The invention provides an application of CDR1as to prenatal screening of neural tube defects, and a product and method for performing prenatal screening of neural tube defects, and relates to the technical field of clinical diagnosis. The invention provides an application of circRNA-CDR1as as a marker for prenatal screening of neural tube defects. Through research, the inventor finds out that the,circRNA-CDR1as is notably highly expressed in the tissue of NTDs child patients, the circRNA-CDR1as can be separately or can be united with other markers to be used for conventional screening of congenital malformation at the early pregnancy, and has great significance to families and society.
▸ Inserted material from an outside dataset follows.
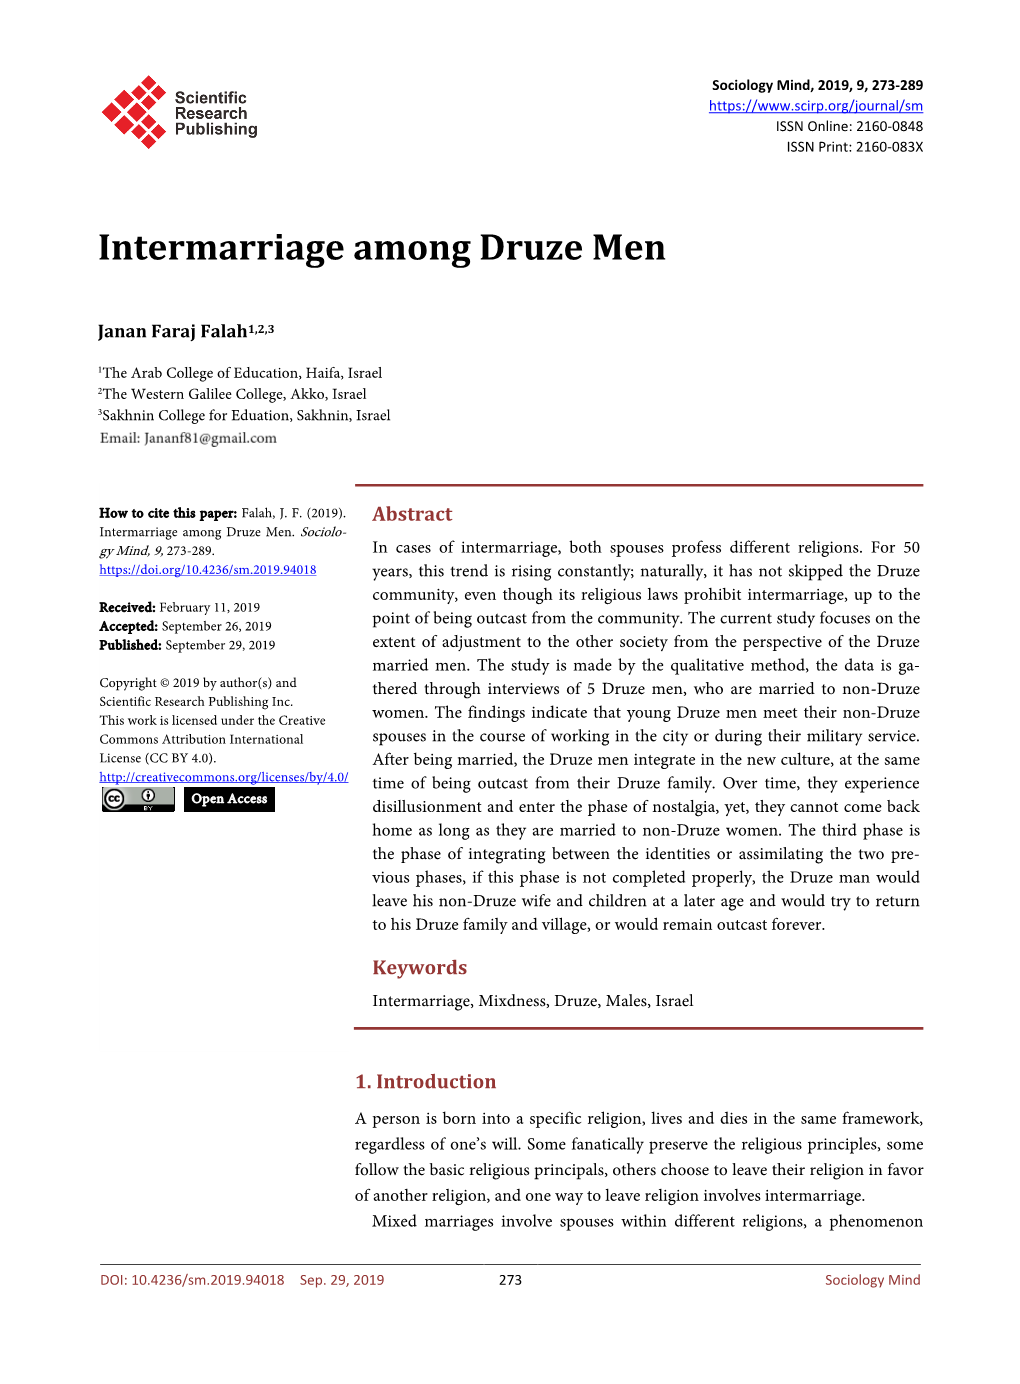 Intermarriage Among Druze Men

According to the product and method for performing prenatal screening of neural tube defects, through detecting the expression number of the circRNA-CDR1as, NTDs is diagnosed, the detection cost is low, the detection is accurate and quick, and the NTDs can be diagnosed at the early pregnancy.
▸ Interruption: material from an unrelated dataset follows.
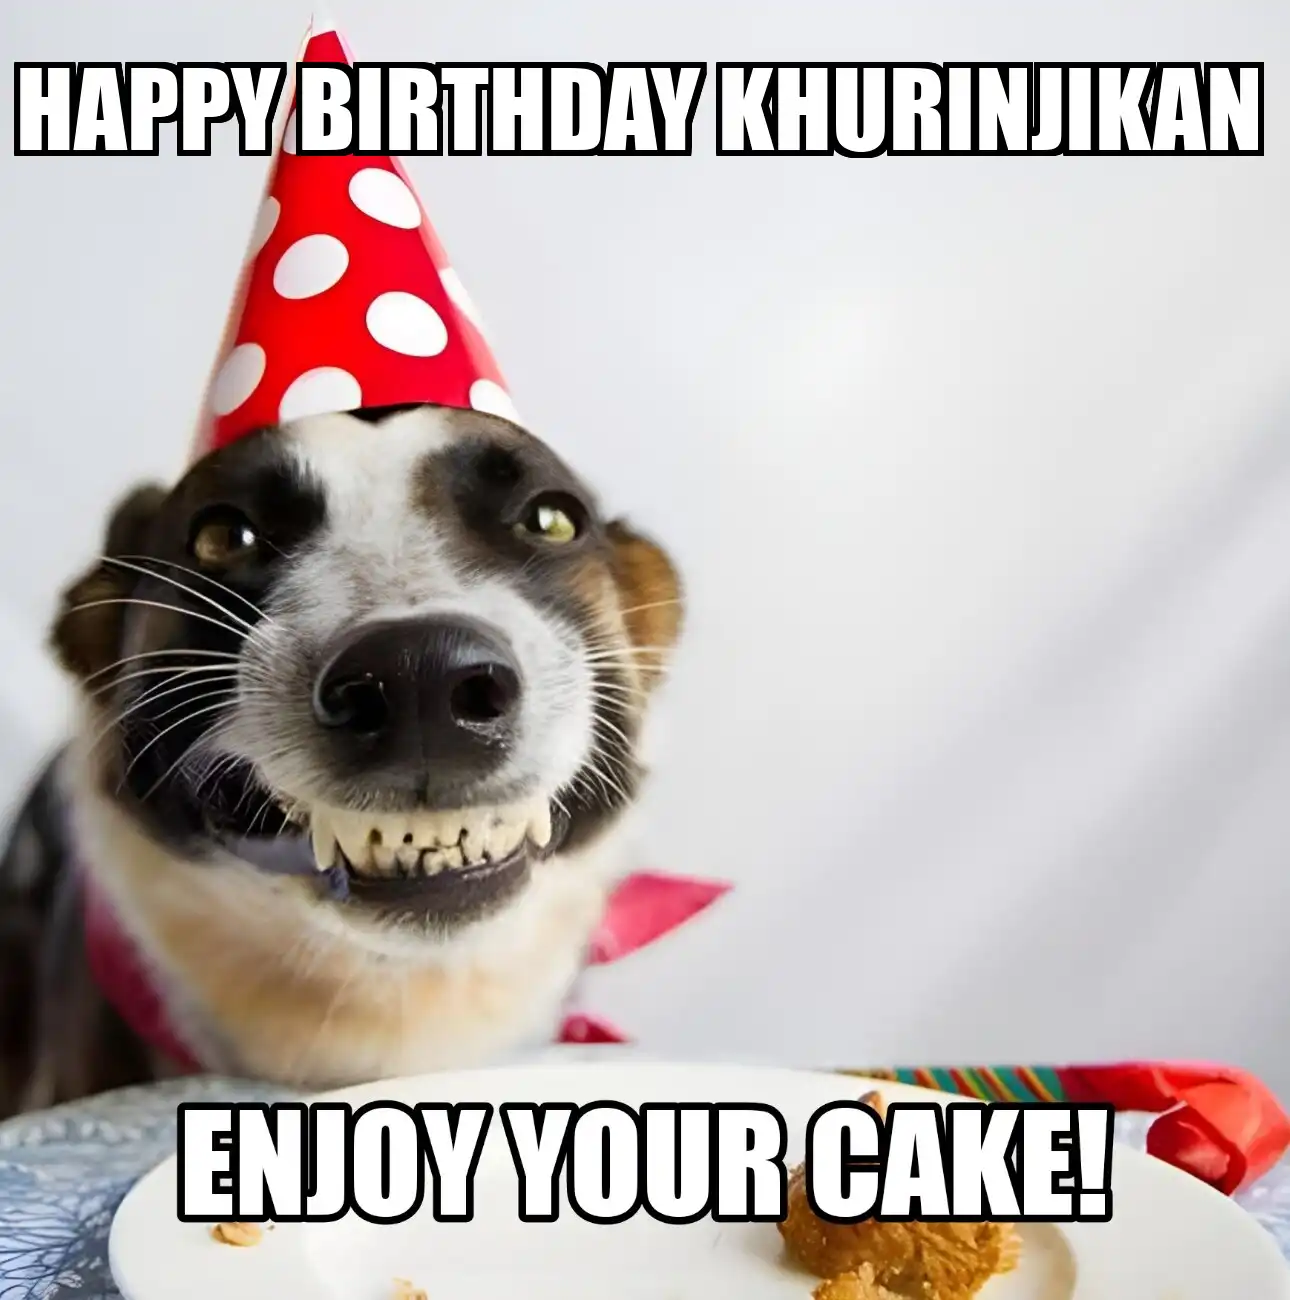 Happy Birthday Khurinjikan Enjoy Your Cake Dog Meme

The invention discloses a soybean peroxidase immune biochip and application thereof to detection of serum marks during down syndrome prenatal screening. The application comprises the following steps: 1,preparing a soybean protein enzyme labelled antibody; 2, modifying a slide, namely performing hydroxylation, amino silanization and formylation on the surface of the slide; and 3, constructing a sandwich immune model on the surface of the biochip, namely covering the surface of the slide with the antibody, closing a non-specific active site, adding serum to be detected, performing incubation and washing, adding the enzyme labelled antibody, then performing incubation and washing again, adding a luminous substrate, and acquiring a luminous signal through CCD (charge coupled device) imaging. Four indexes, namely AFP (alpha fetoprotein), HCG (human chorionic gonadotropin), uE3 and PAPP (pregnancy associated plasma protein)-A, are selected as down syndrome serum marks. The SBP (soybean peroxidase) is wide in substrate working range, high in heat resistance, high in acid-alkaline stability and wide in pH adaptation range. An enhancer is added into a Luminol-H2O system, so that a chemical luminous signal can be amplified by nearly 100 times, and the detection sensitivity is improved.
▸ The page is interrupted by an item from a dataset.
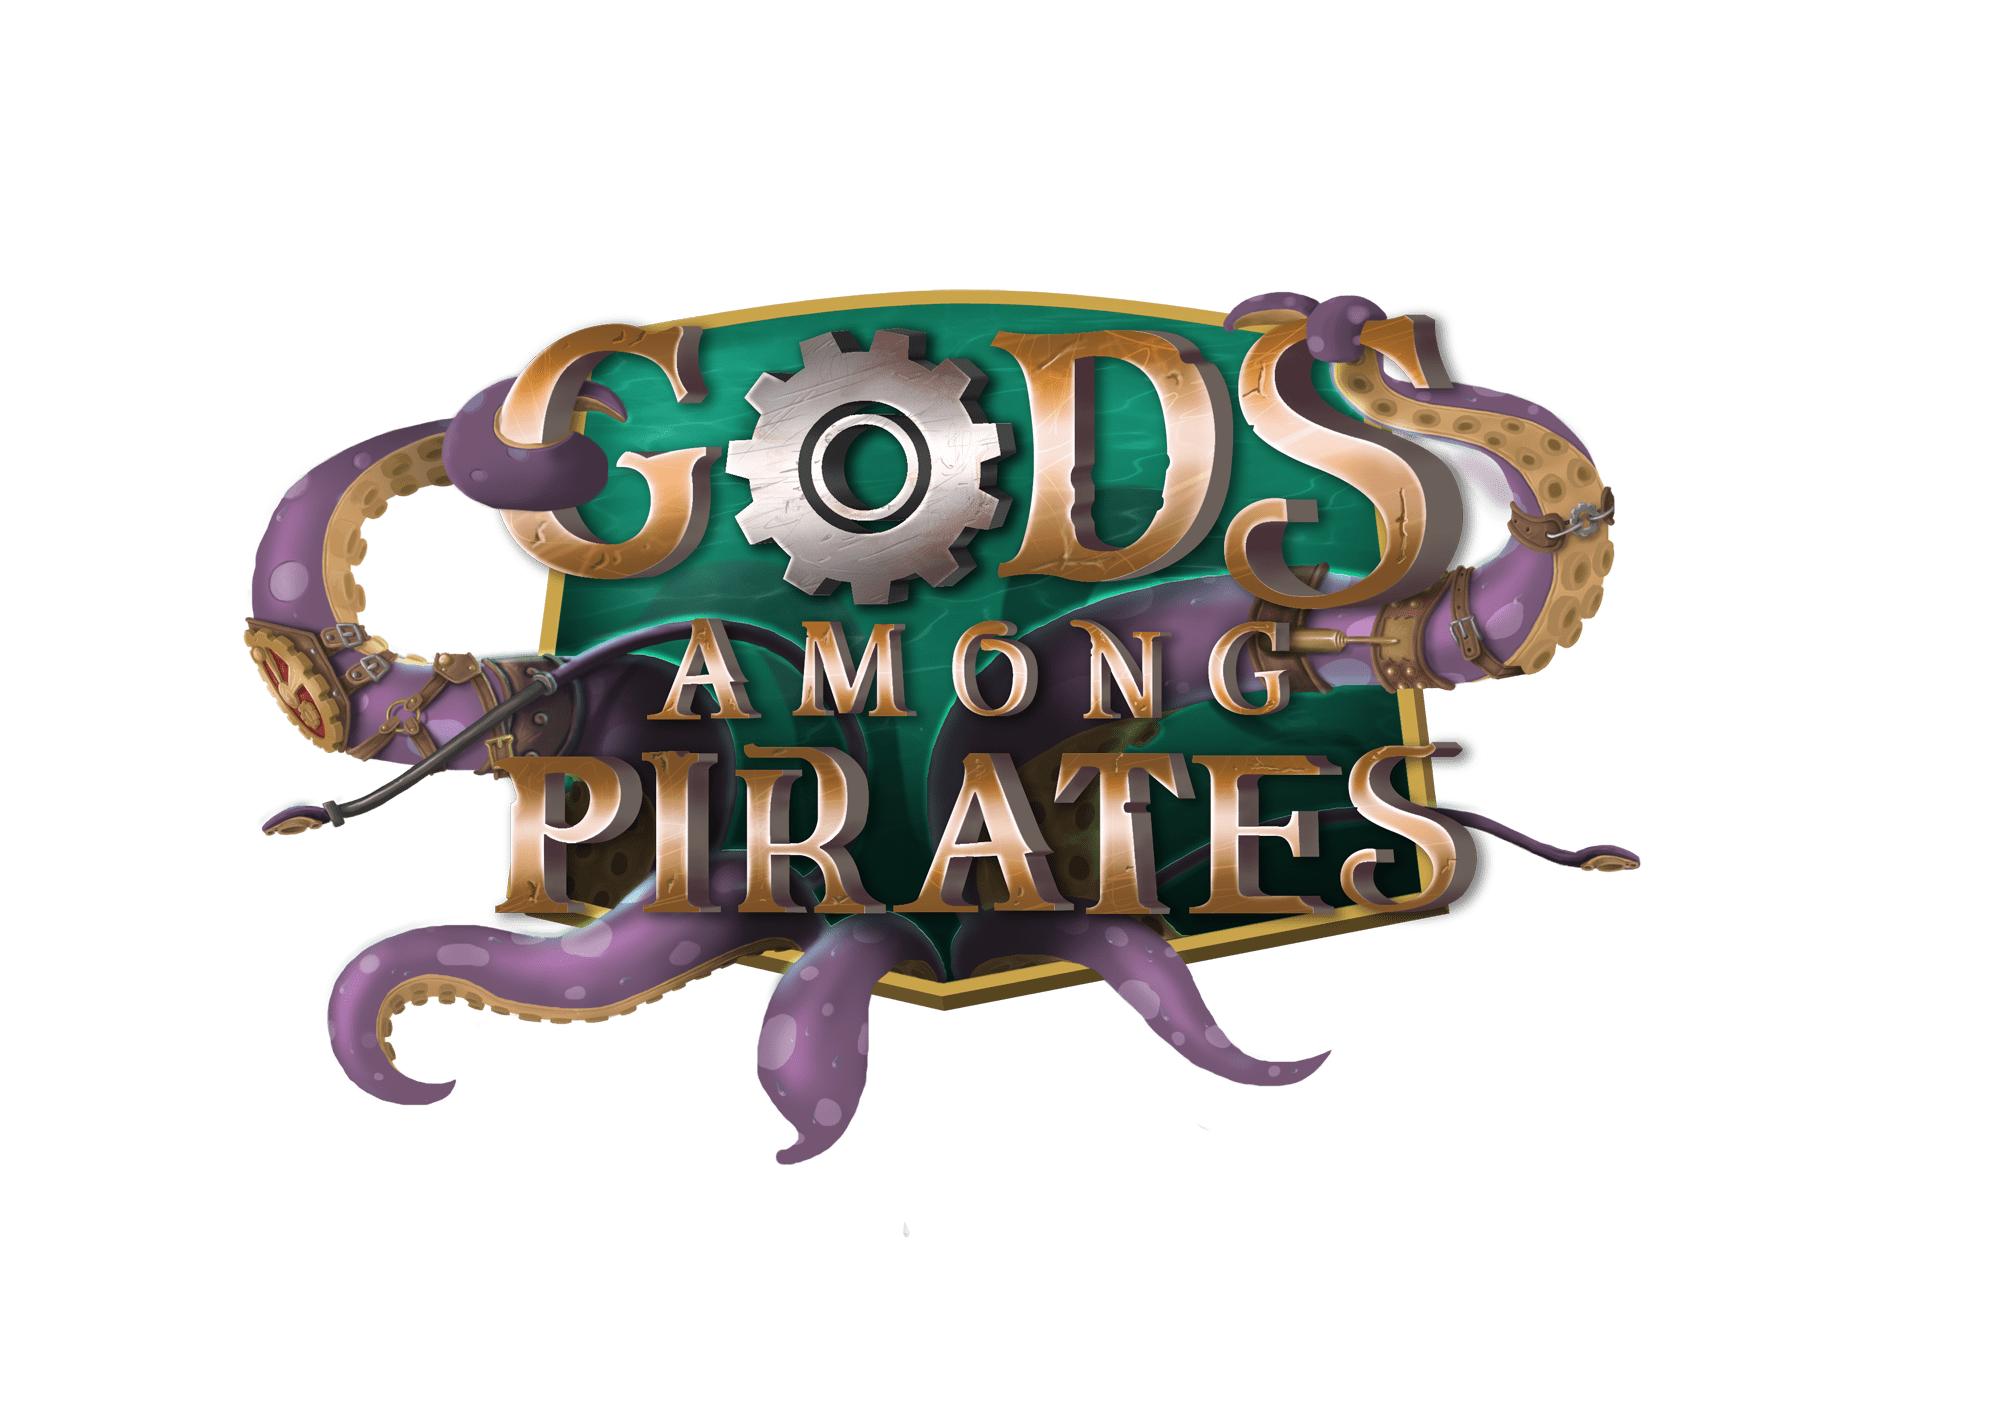 Gods Among Pirates

The invention discloses a phenylketonuria (PKU) screening kit and application thereof to prenatal screening, and belongs to the technical field of PKU screening. The application method comprises the following steps of: (1) extracting free fetal DNA (Deoxyribonucleic Acid) from peripheral blood of pregnant women; (2) taking the fetal DNA as a template to carry out polymerase chain reaction (PCR) amplification; (3) detecting a PCR product through agarose gel electrophoresis and purifying the PCR product through enzyme reaction; (4) carrying out sequencing reaction on the purified PCR product; (5) purifying a PCR sequencing reaction product; (6) sequencing the purified PCR sequencing reaction product; and (7) comparing the sequencing result with positive and negative control samples. The kit has the beneficial effects that the kit can achieve automatic sequencing, thus shortening the screening time and enabling PKU screening to be simpler, more convenient and faster; the technical gap of prenatal PKU screening is filled; the birth rate of sick children is reduced; and the kit causes no trauma to the fetuses and is safe and reliable.